Monday, November 12, 2012

so... you're still trying to write, huh?

eight years and two months  I've been at this. its the only constant i'm used to now. i'm about 250 pages into book ten and all i can think about is finishing it so i can write a great ending and somehow submit this monster to someone, anyone who will listen.

there's a lot of great people in the writers groups i attend. everyone is doing their thing but no one is working either in the same field/genre or at the same pace as me. its difficult for me to relate to the person who would like to write as much as i do but "just can't find the time to write."

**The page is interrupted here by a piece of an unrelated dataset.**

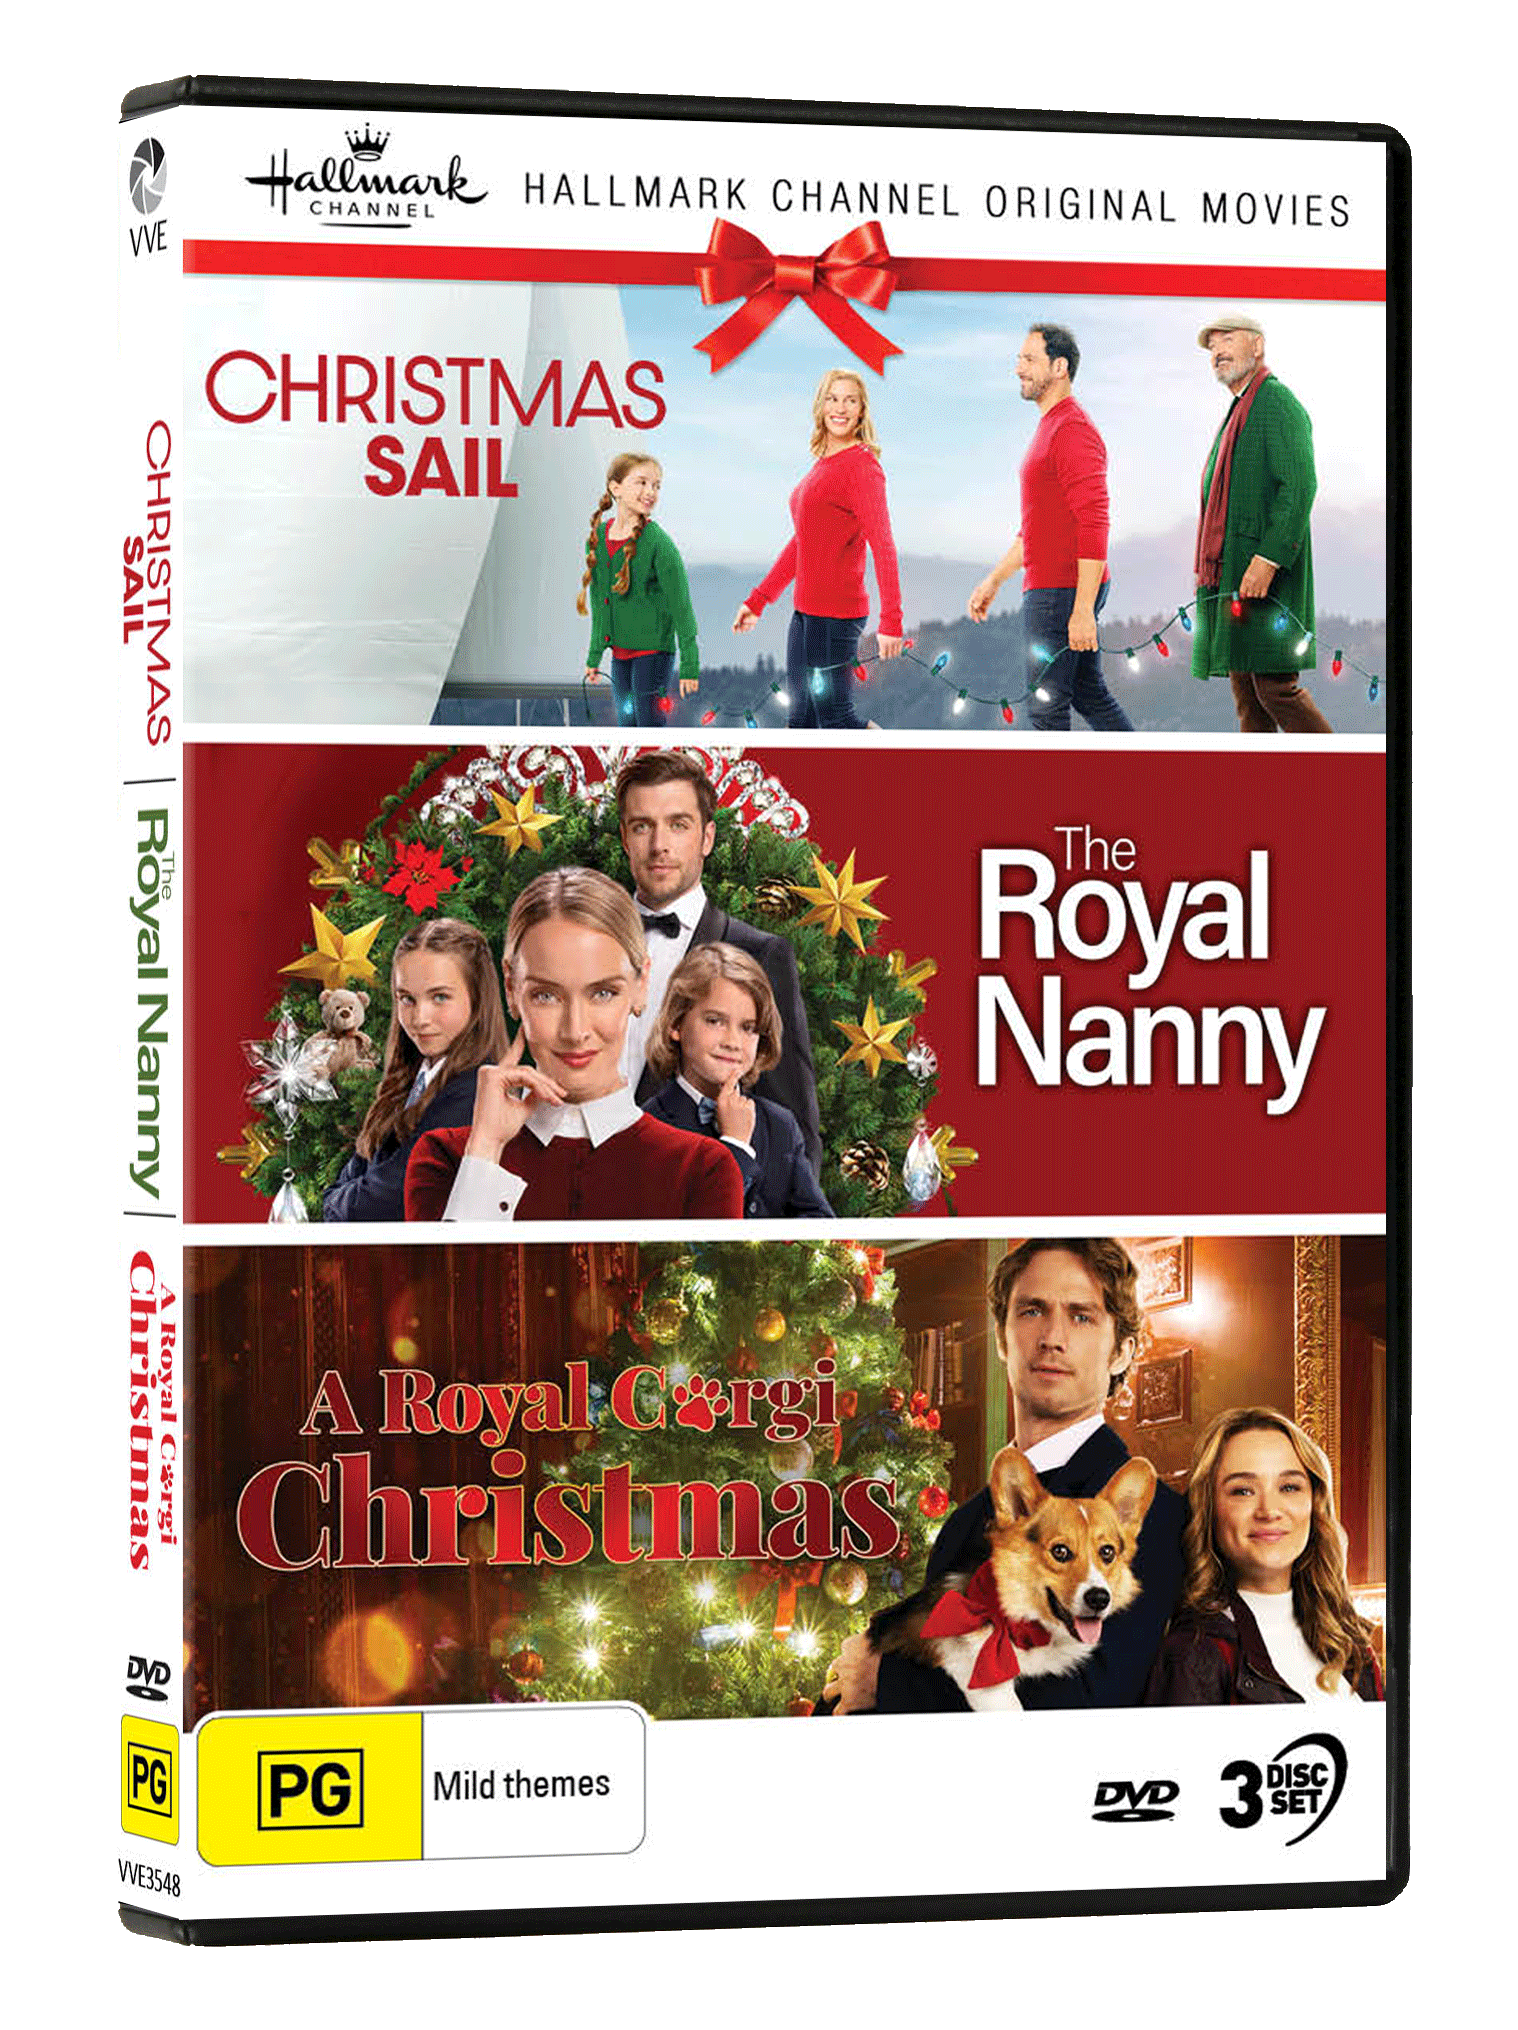 Hallmark Christmas Collection 29 (Christmas Sail / The Royal Nanny / A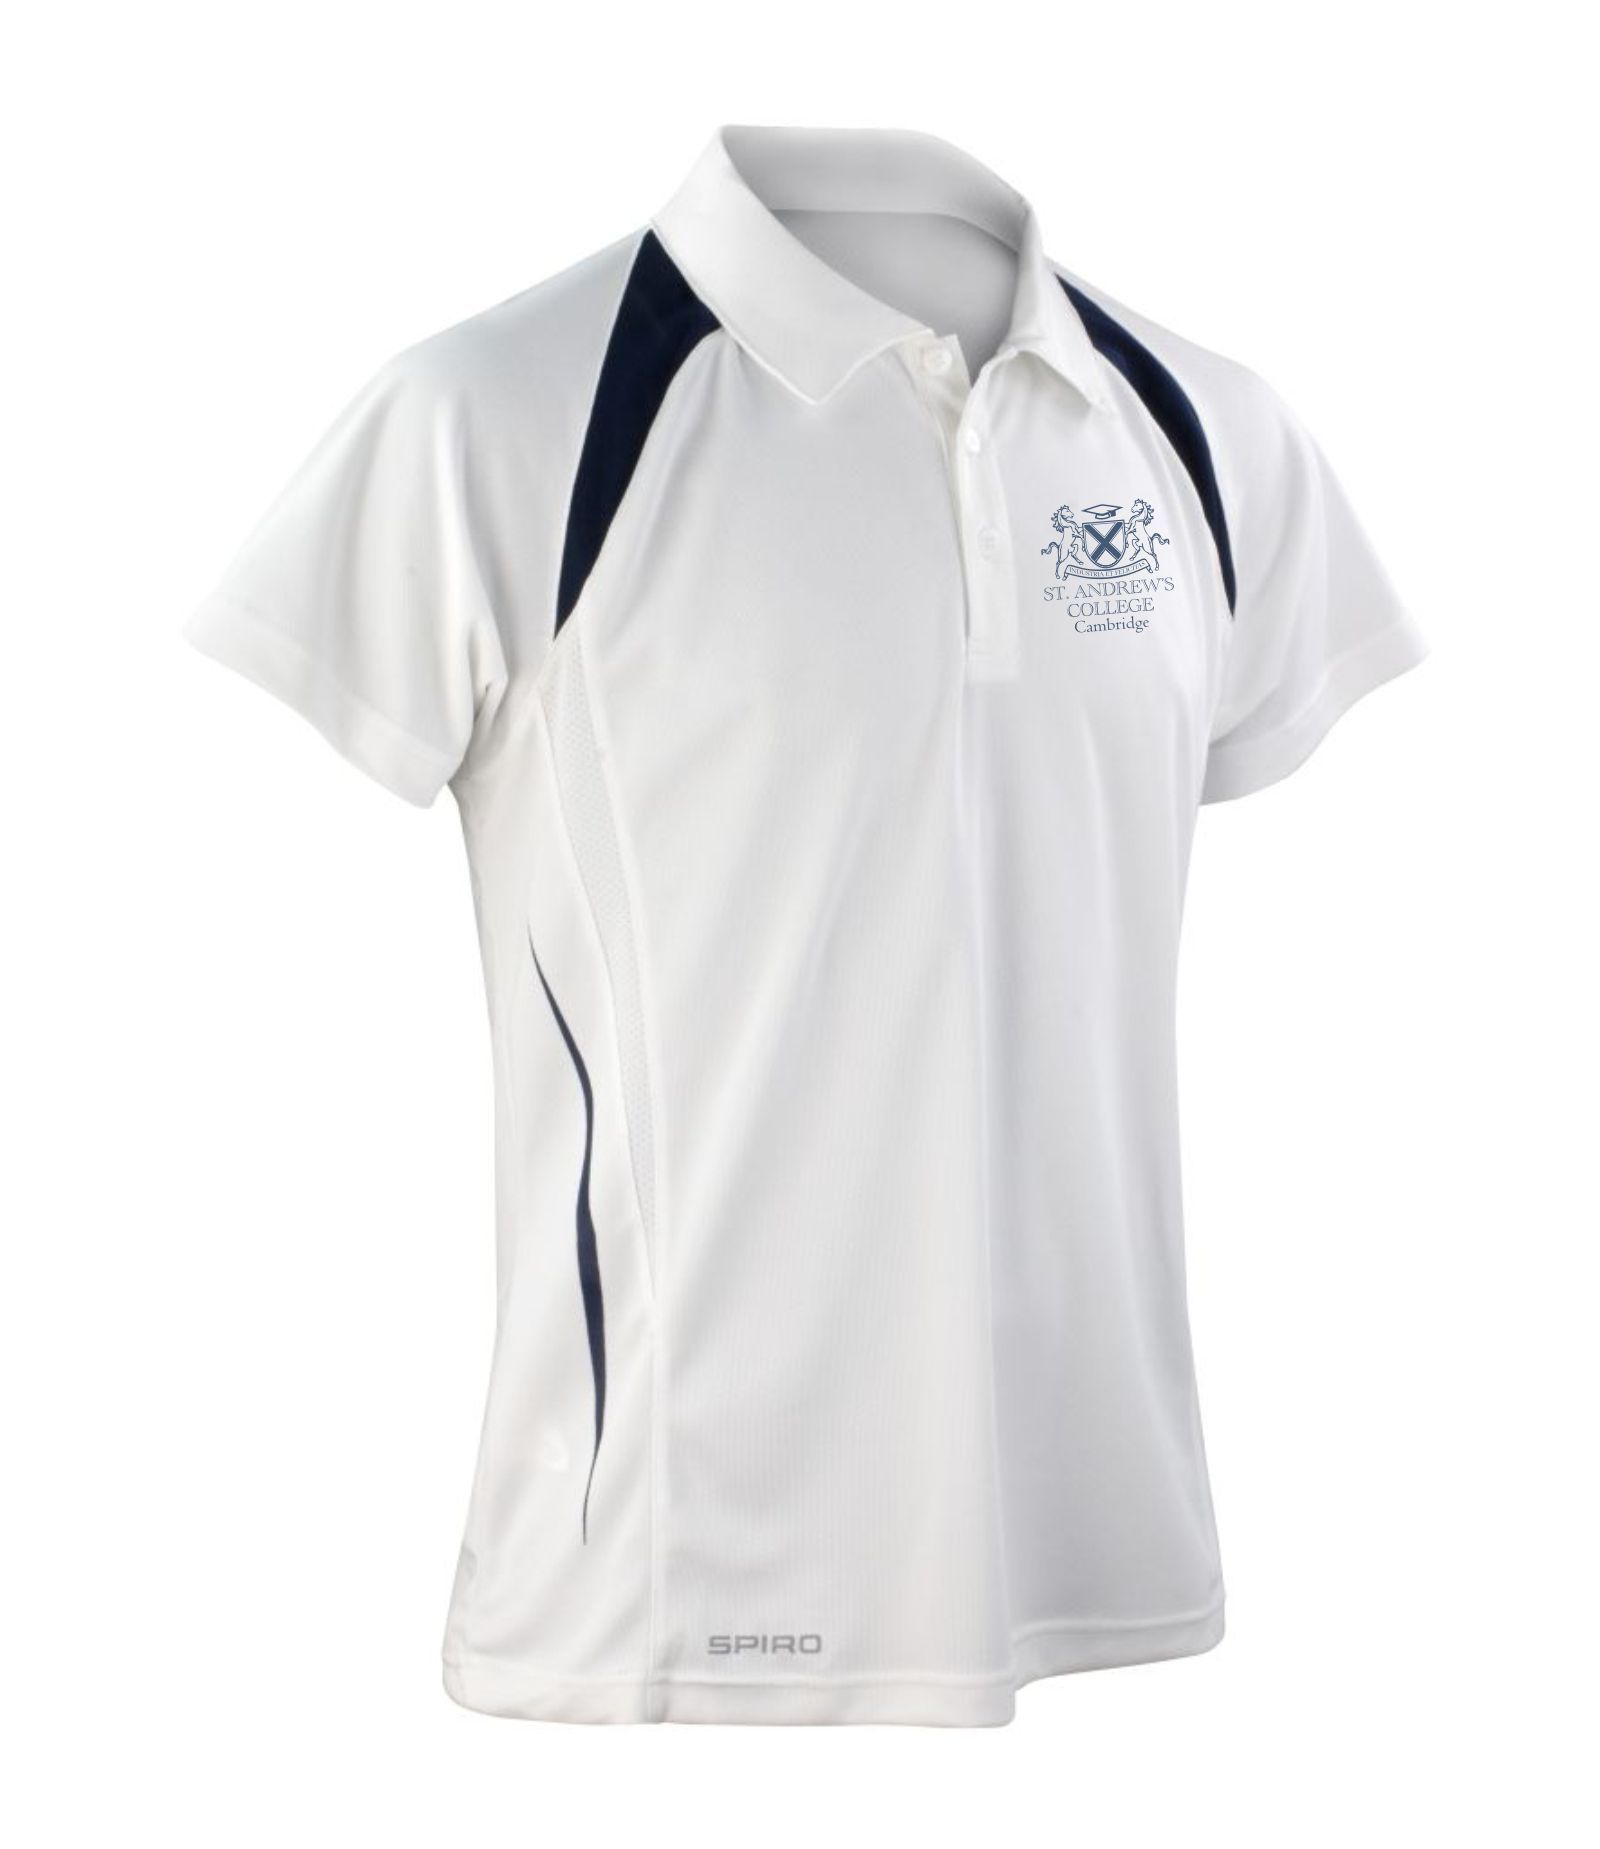 St Andrew's College Cambridge - Polo shirt (Unisex)

it doesn't work like that. to be a writer, you can't just do all the other things in life and then write that NY times bestseller in your spare time. Fuuuuuuuuuuuuuuuuuuuuuck that.

you have to commit to it. it should be a passion to do what you do. Johnny the homicidal maniac once said something that i feel is very true. "There's nothing more deplorable  than to have contempt for ones own motivations."

people are always amazed that i'm in the break room at work with my laptop out while eating. They ask "are you still writing?" well how do you think the job gets done? "wanting" to be a writer doesn't make it happen.

I'm going to write this book and when i finish it im going to write another. and when i'm done with the series, that son of a bitch is going to be over 4000 pages. fuck you. not 400... 4000 its an epic that leapt out of my brain and commanded me to write.

if anyone is reading this, i'm having a hard time with everything else... no one is interested, rejection letters (email that is. we publishers and agents dont waste our good envelops on you wannabe failure types)

but at least im writing. i'm going to write those books and then i'll write another... then another.

and someday, someone is going to say yes.

and when that happens, im going to fucking cry.